-------- SOURCE MATERIAL --------

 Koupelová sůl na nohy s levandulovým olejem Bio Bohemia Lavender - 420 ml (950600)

--------
-------- SOURCE MATERIAL --------

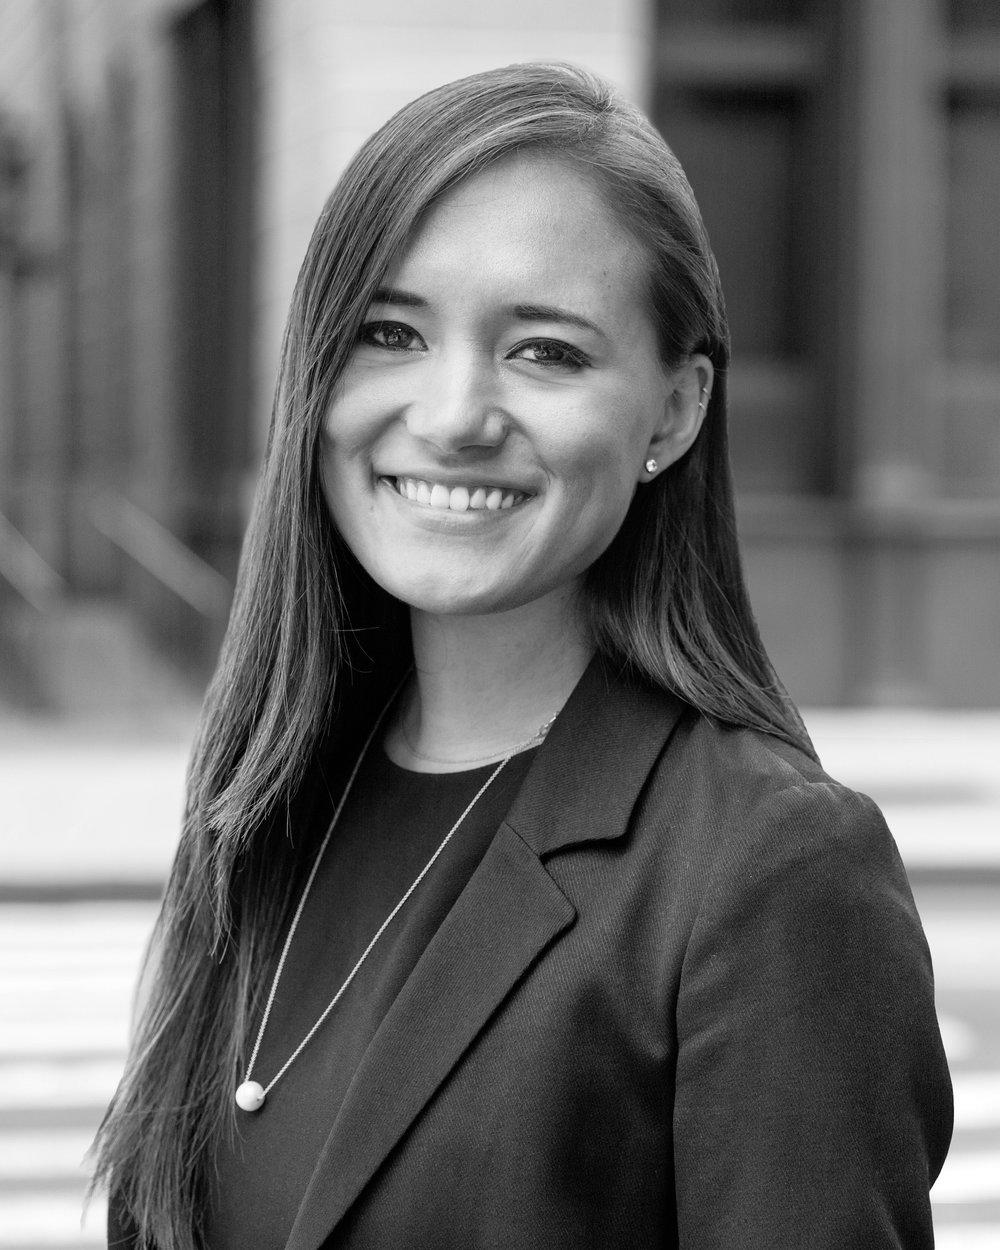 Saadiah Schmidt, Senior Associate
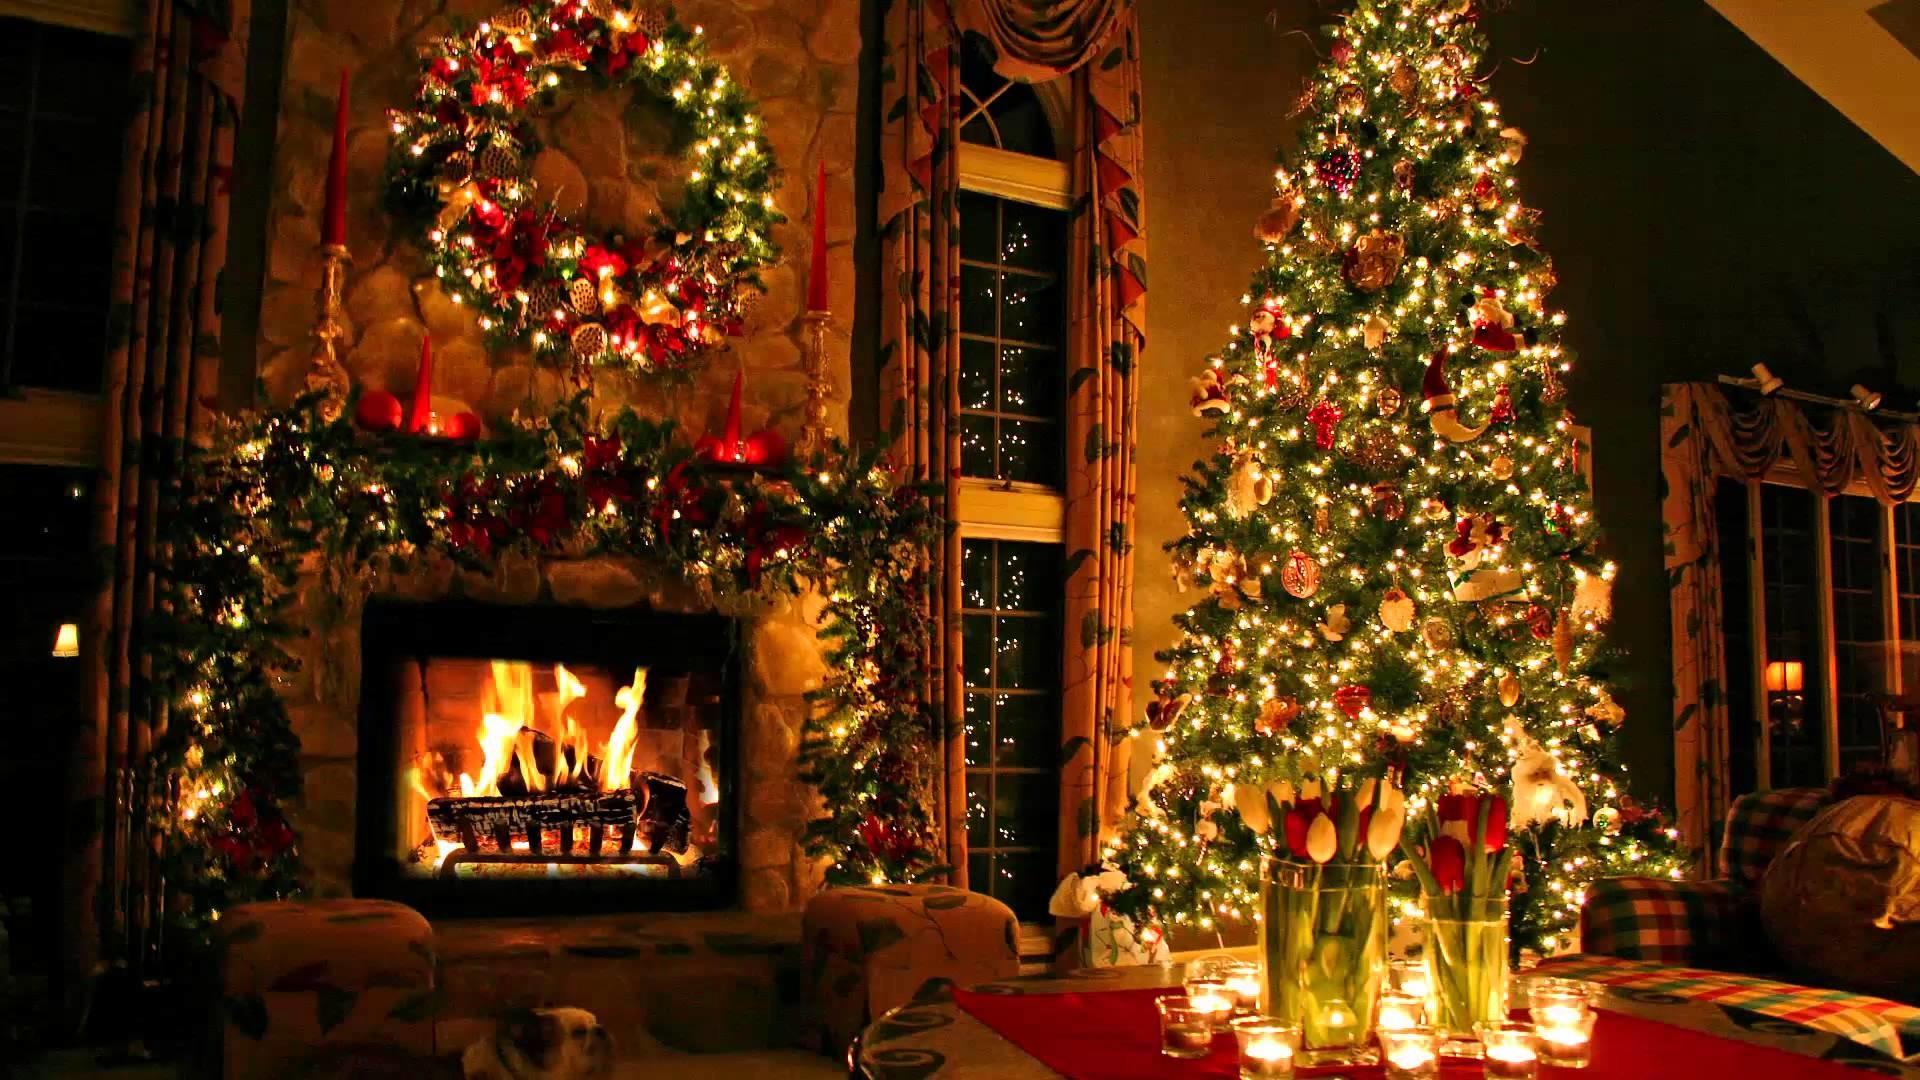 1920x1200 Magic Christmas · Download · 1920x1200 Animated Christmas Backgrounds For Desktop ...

--------

» TASK
In the listing above, find the line with "Saadiah Schmidt, Senior Associate" and output it and every line after it up to and including the line with "1920x1200 Magic Christmas", exactly, minus the pictures.

» EXPECTED ANSWER
 Saadiah Schmidt, Senior Associate
 1920x1200 Magic Christmas · Download · 1920x1200 Animated Christmas Backgrounds For Desktop ...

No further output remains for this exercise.